Writing is not something that comes particularly easy to me (perfect choice of career I’m sure you’ll agree). Contemplative and a fusspot, I overanalyse every word and spend a lot of time deleting what has taken me a long time to write. However, I have decided to commit to writing a blog.

It should come as no surprise then that the first challenge I encountered after making this decision was what to name it. My aim is after all is to engage with people about my research on medieval space and identities and I wanted the name of the blog to convey that.

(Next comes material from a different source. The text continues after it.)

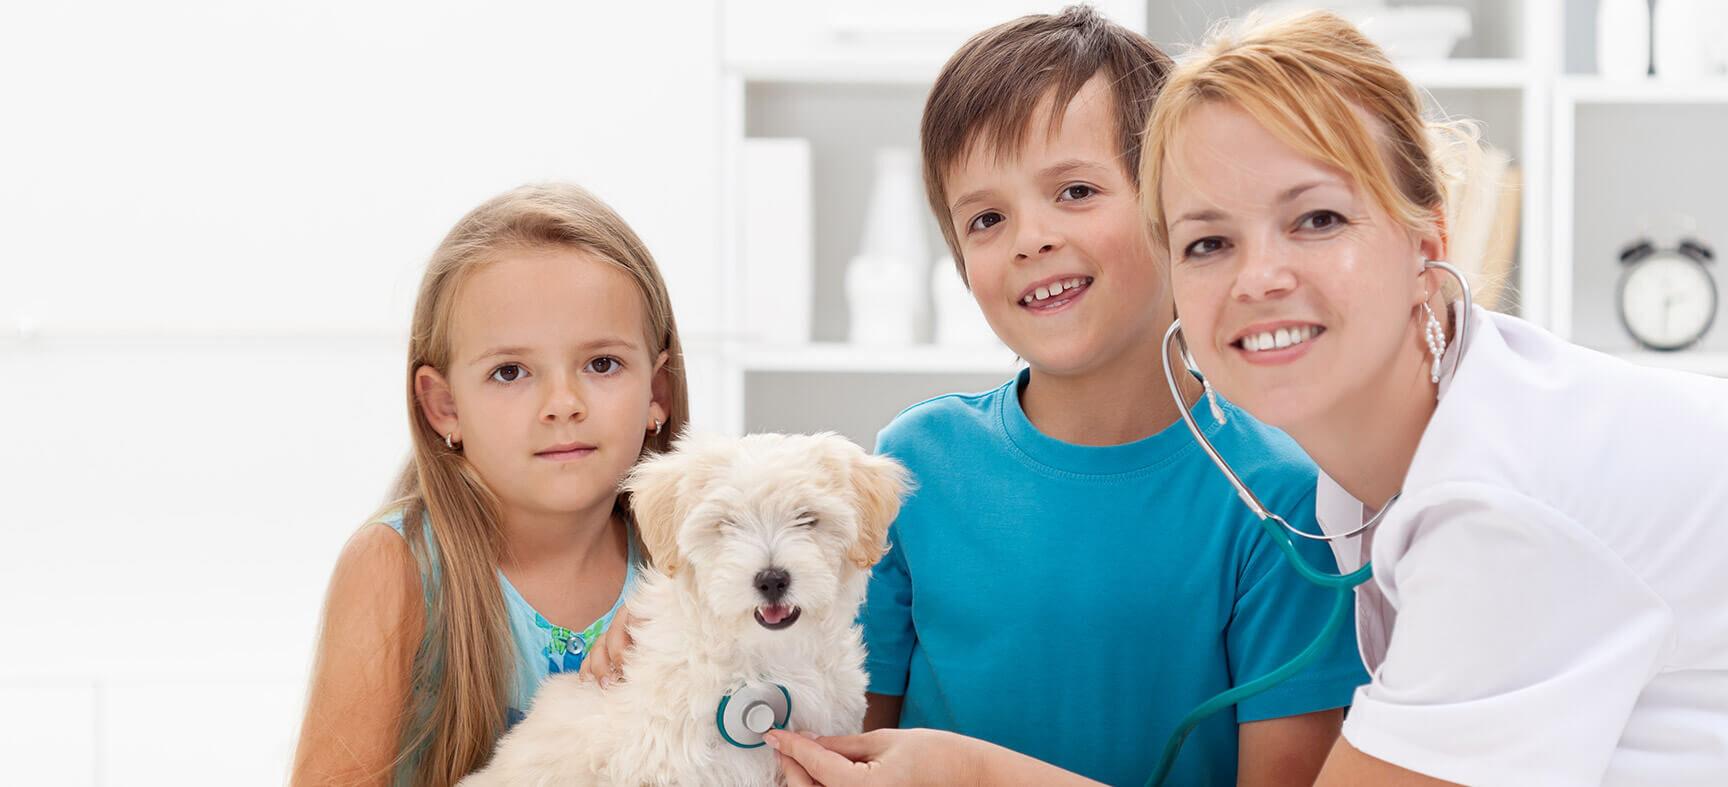 Childhood Illnesses: Pinkeye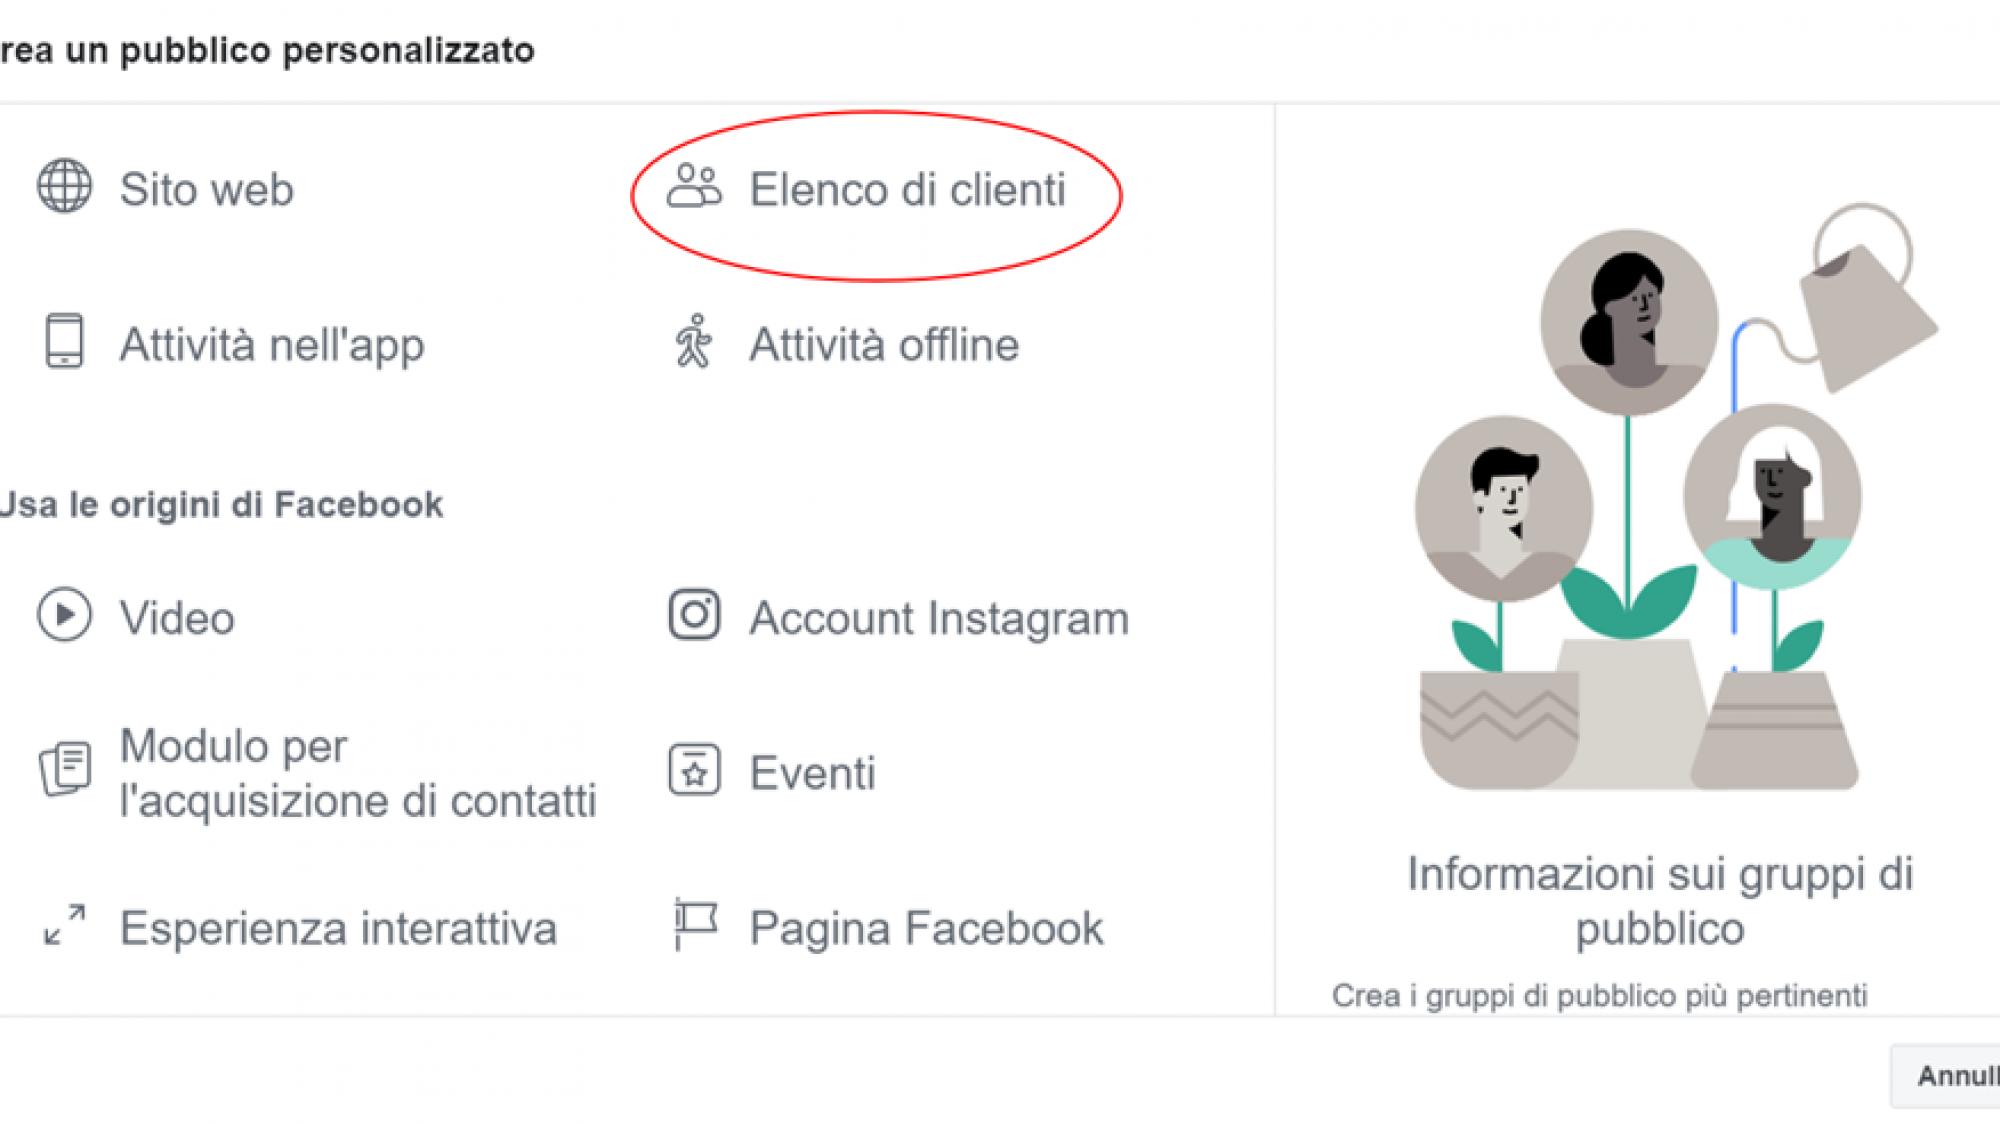 social media come si crea una campagna con pubblico personalizzato su Facebook/Instagram - Clink

For reasons unknown, the first thing that popped into my head was ‘Friends on the Other Side’, a dark voodoo inspired song from the 2009 Disney film The Princess and the Frog. On the surface this film set in 1920s New Orleans about a hardworking, ambitious woman and a pampered prince being turned into frogs has little to do with the medieval world. And yet, as the song continued to play in my head, I began to make connections between the film and some of my primary research interests: transformation, transgresssive identities, magic, strong female characters, and monsters.

In addition, one thing that has struck me while writing my PhD thesis on queer time and space in medieval literature has been the frequency of liminal spaces as points of contact in the romances and lays that I have been working on. In Sir Orfeo for example, Heurodis is playing by an ‘orchard-side’ (66) when she falls in to an enchanted sleep and meets the Fairy King and in the Wife of Bath’s Tale, the knight encounters the loathly lady ‘under a forest syde’ (990). The ‘Otherside’ also evokes the concept of the Otherworld, an alternative space in the medieval imaginary that is populated by fairies.

And so here we have ‘The Medieval Otherside’, my very own liminal space where I hope to reflect on aspects of my research and draw connections between the medieval world and the now.